**ACTIVITY:**
The part below that opens with the line containing "Marktplatz und historisches" and closes with the line containing "European cheeses" should be copied exactly, minus any pictures.

**DATASET EXCERPTS:**

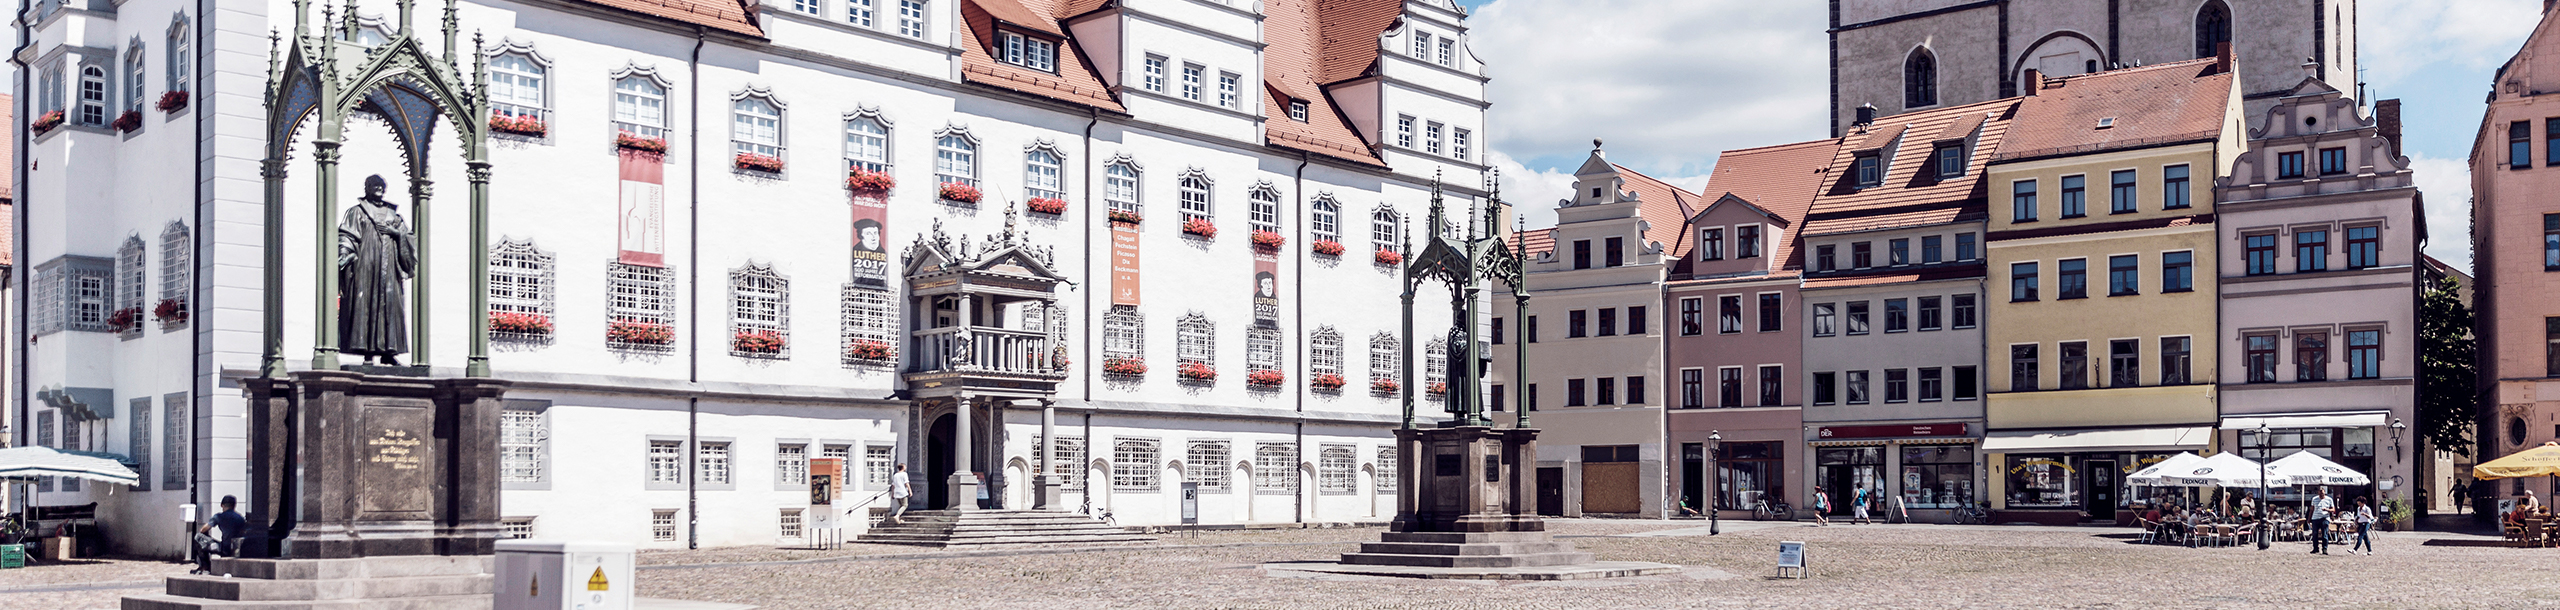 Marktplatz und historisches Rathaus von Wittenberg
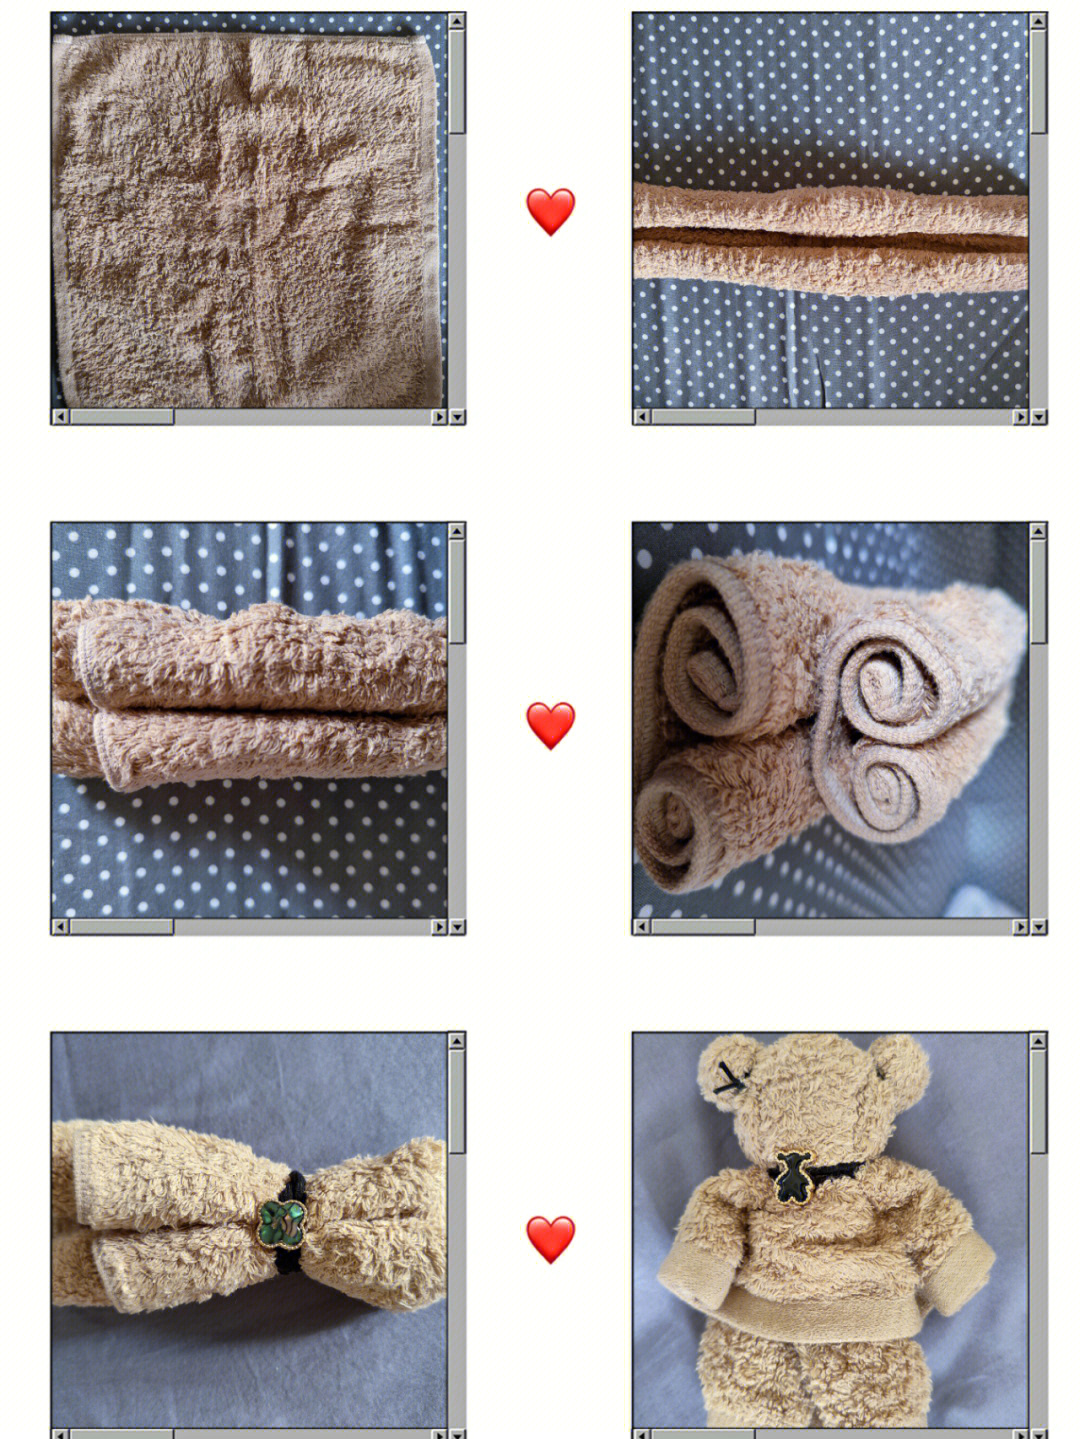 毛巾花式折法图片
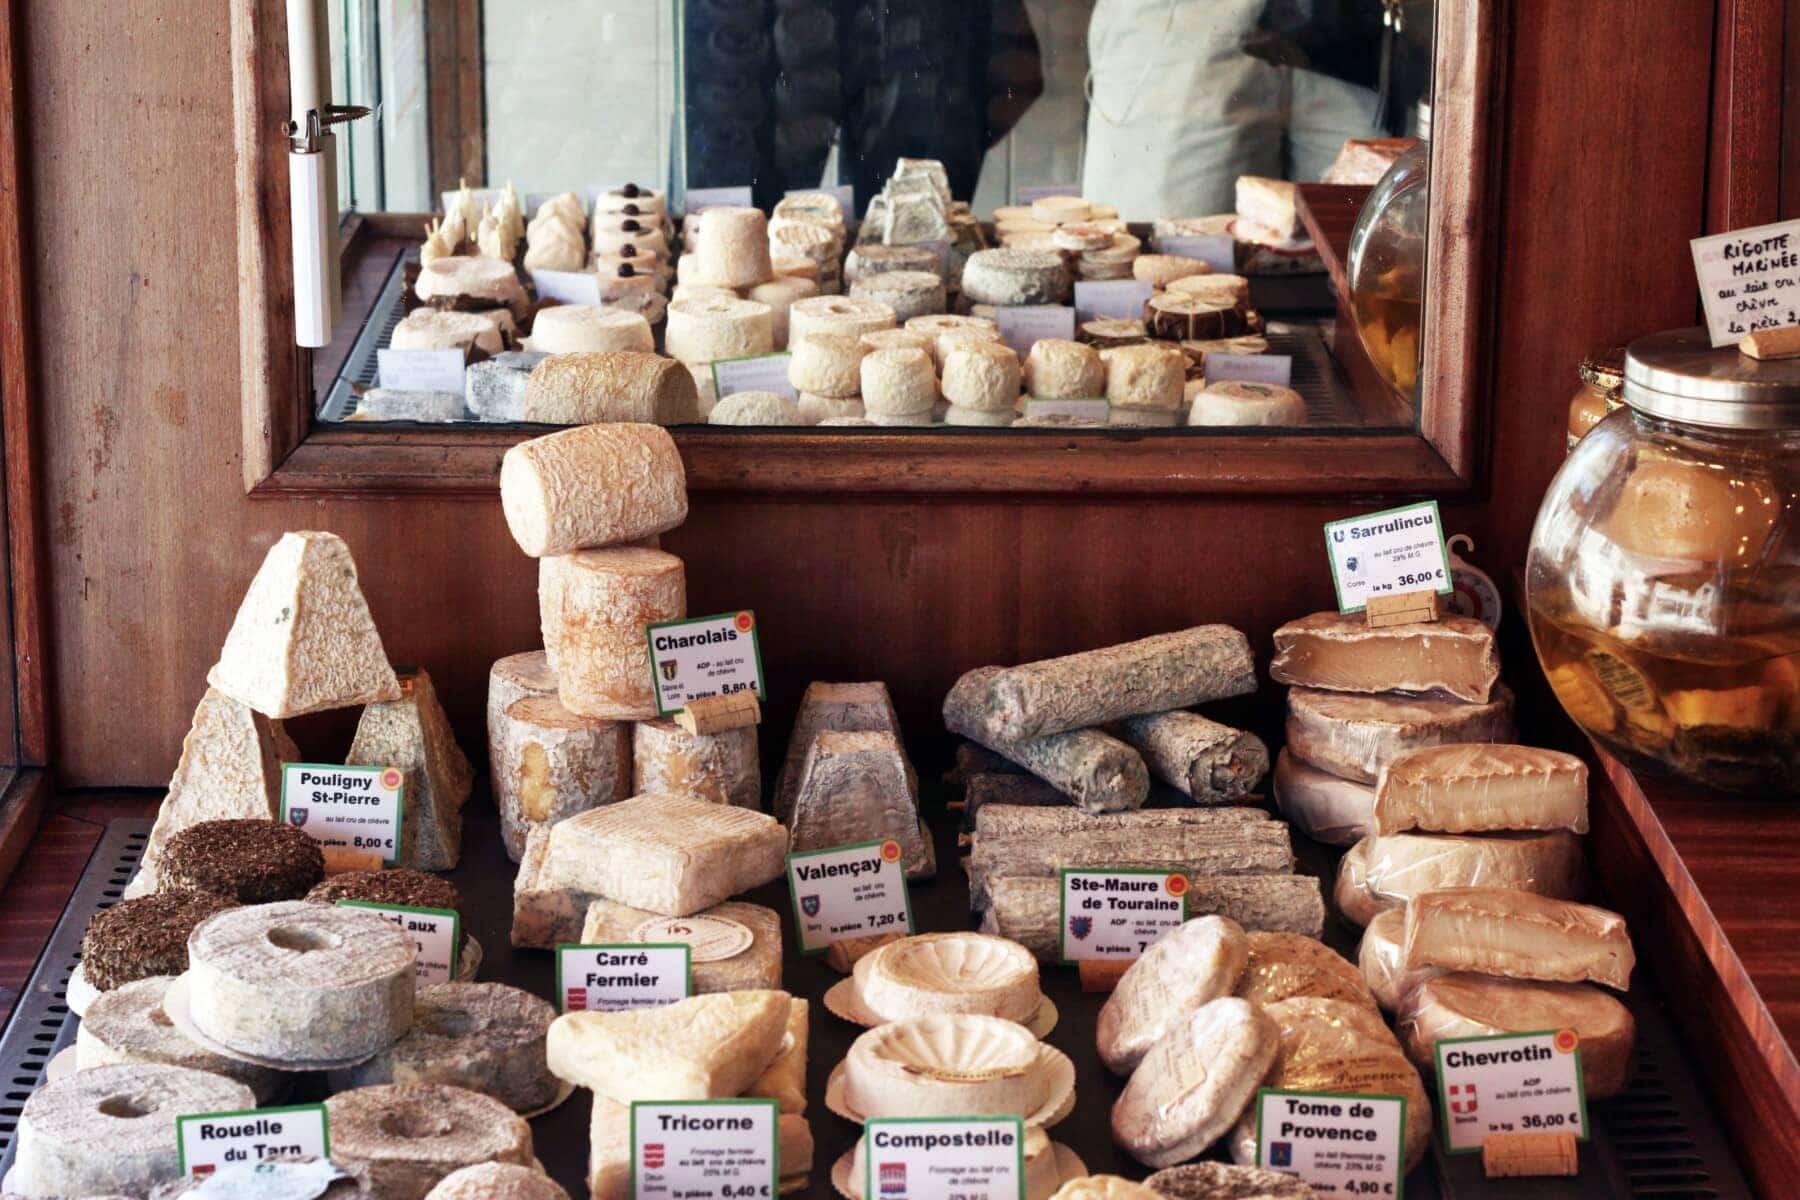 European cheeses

==

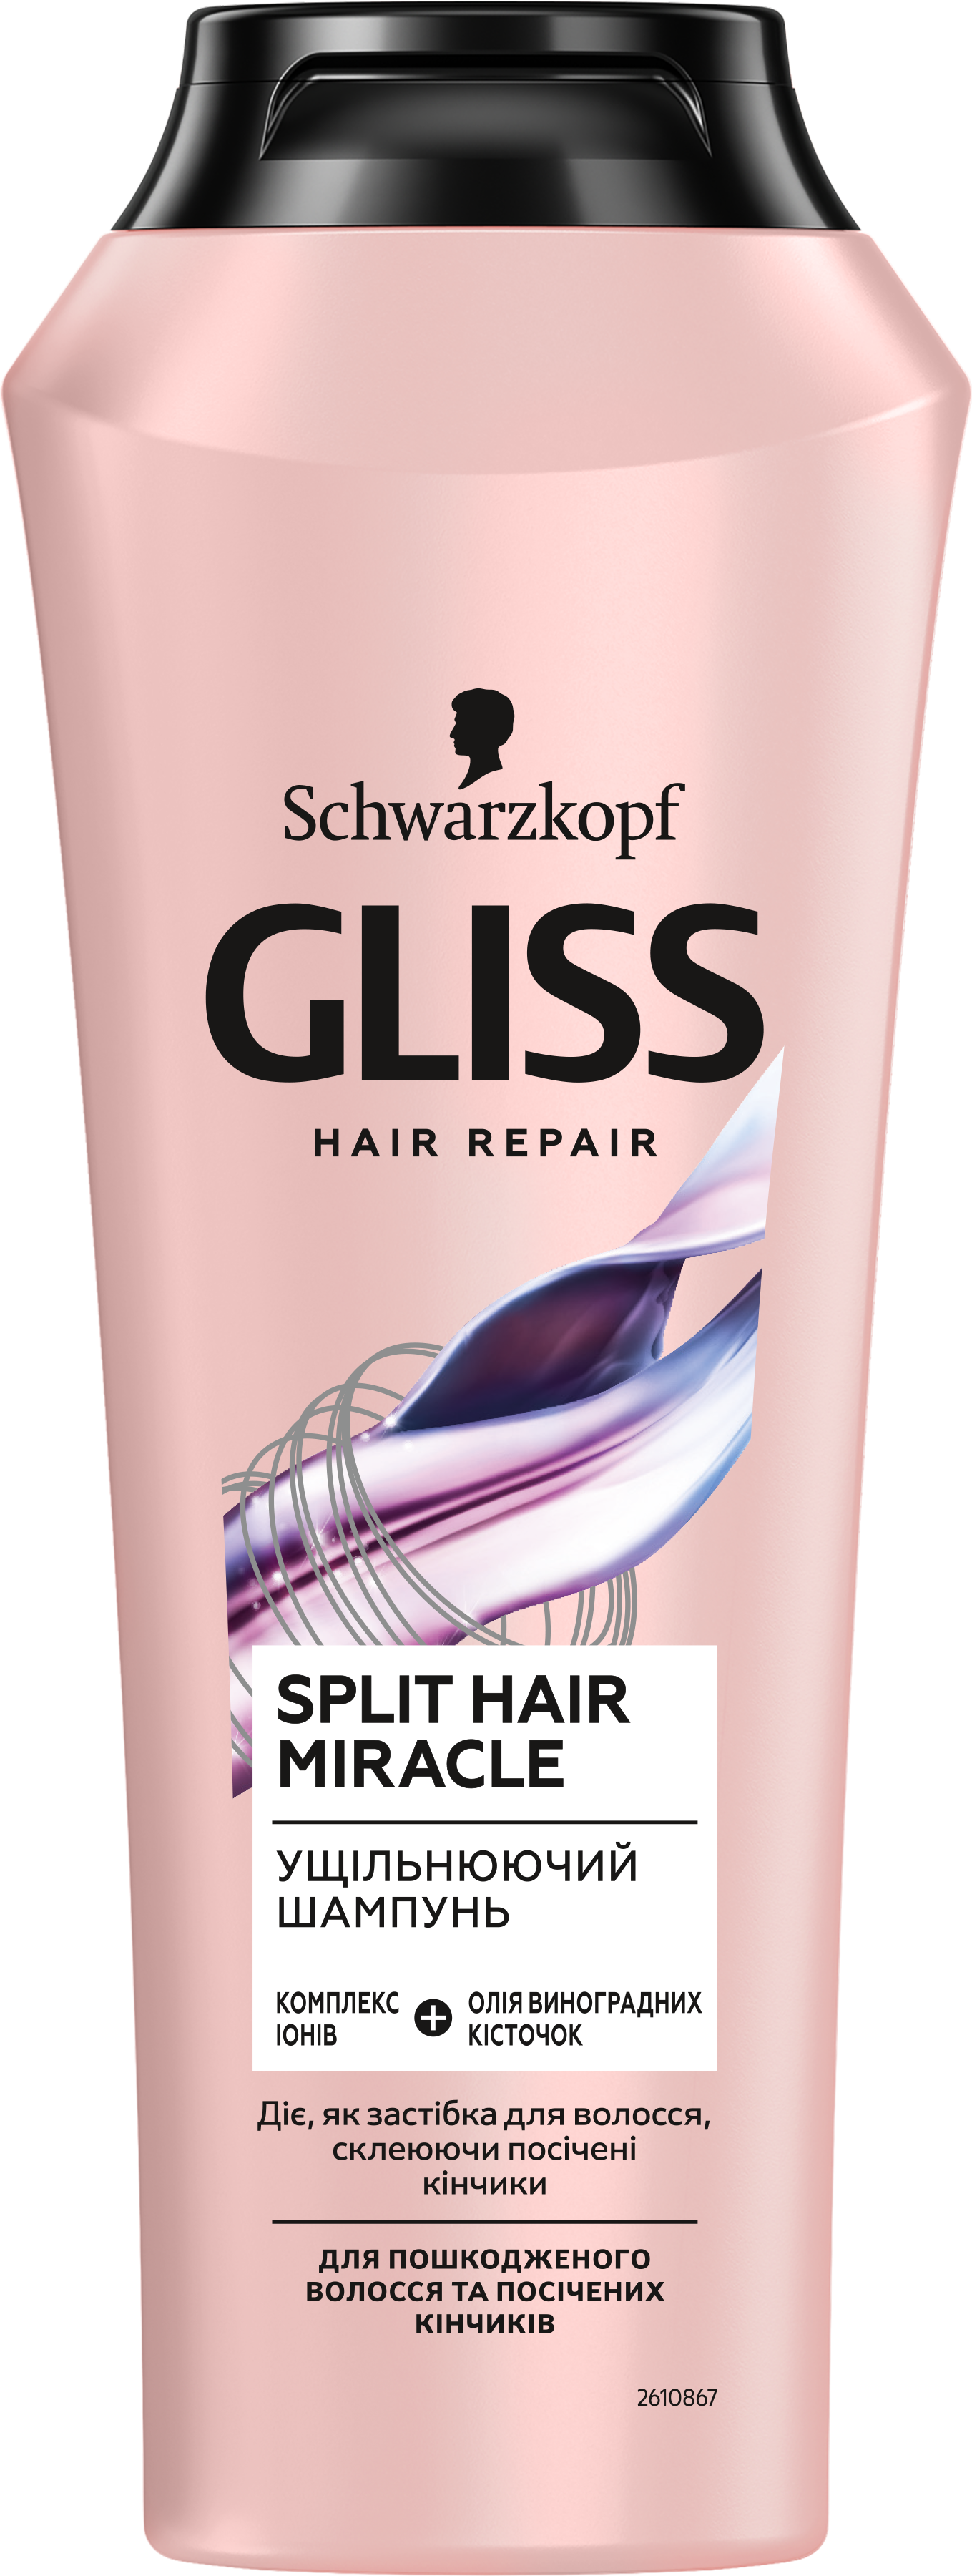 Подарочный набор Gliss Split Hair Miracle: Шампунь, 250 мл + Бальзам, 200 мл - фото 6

==

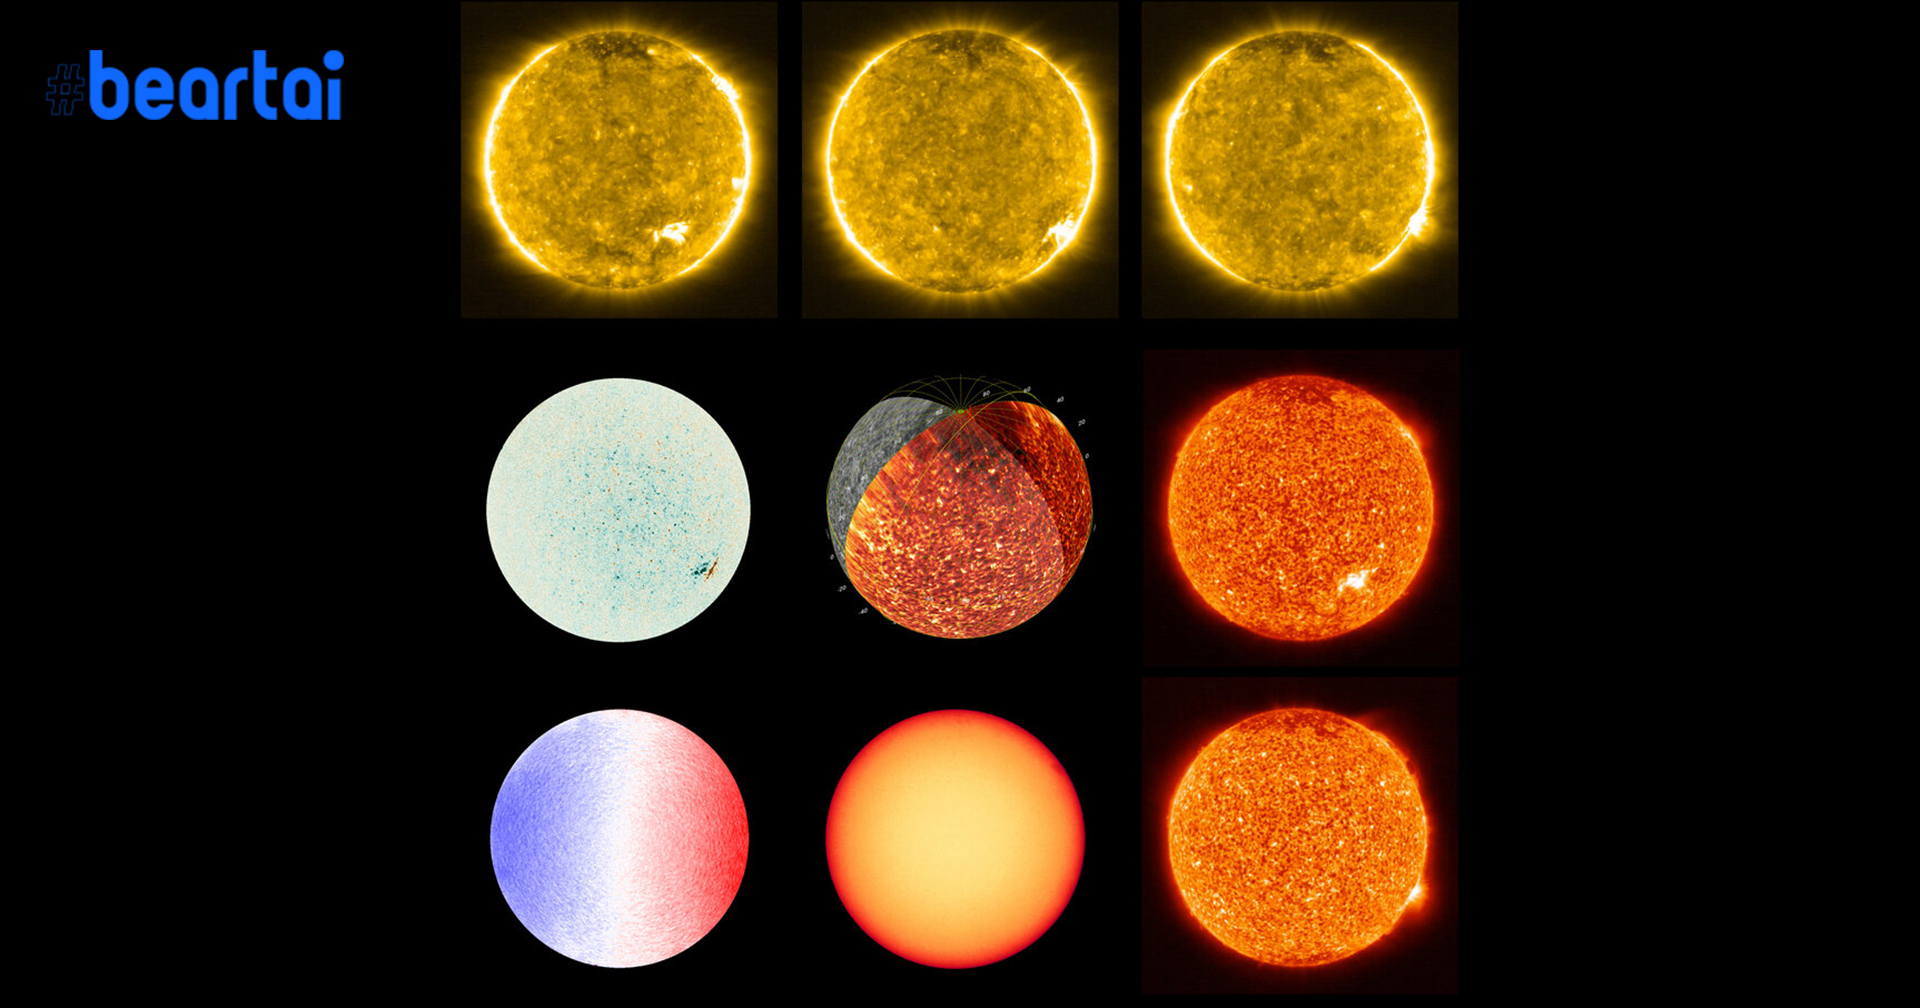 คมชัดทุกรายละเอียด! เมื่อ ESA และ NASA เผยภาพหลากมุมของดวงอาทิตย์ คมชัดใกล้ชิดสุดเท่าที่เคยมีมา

**EXERCISE RESULT:**
 Marktplatz und historisches Rathaus von Wittenberg
 毛巾花式折法图片
 European cheeses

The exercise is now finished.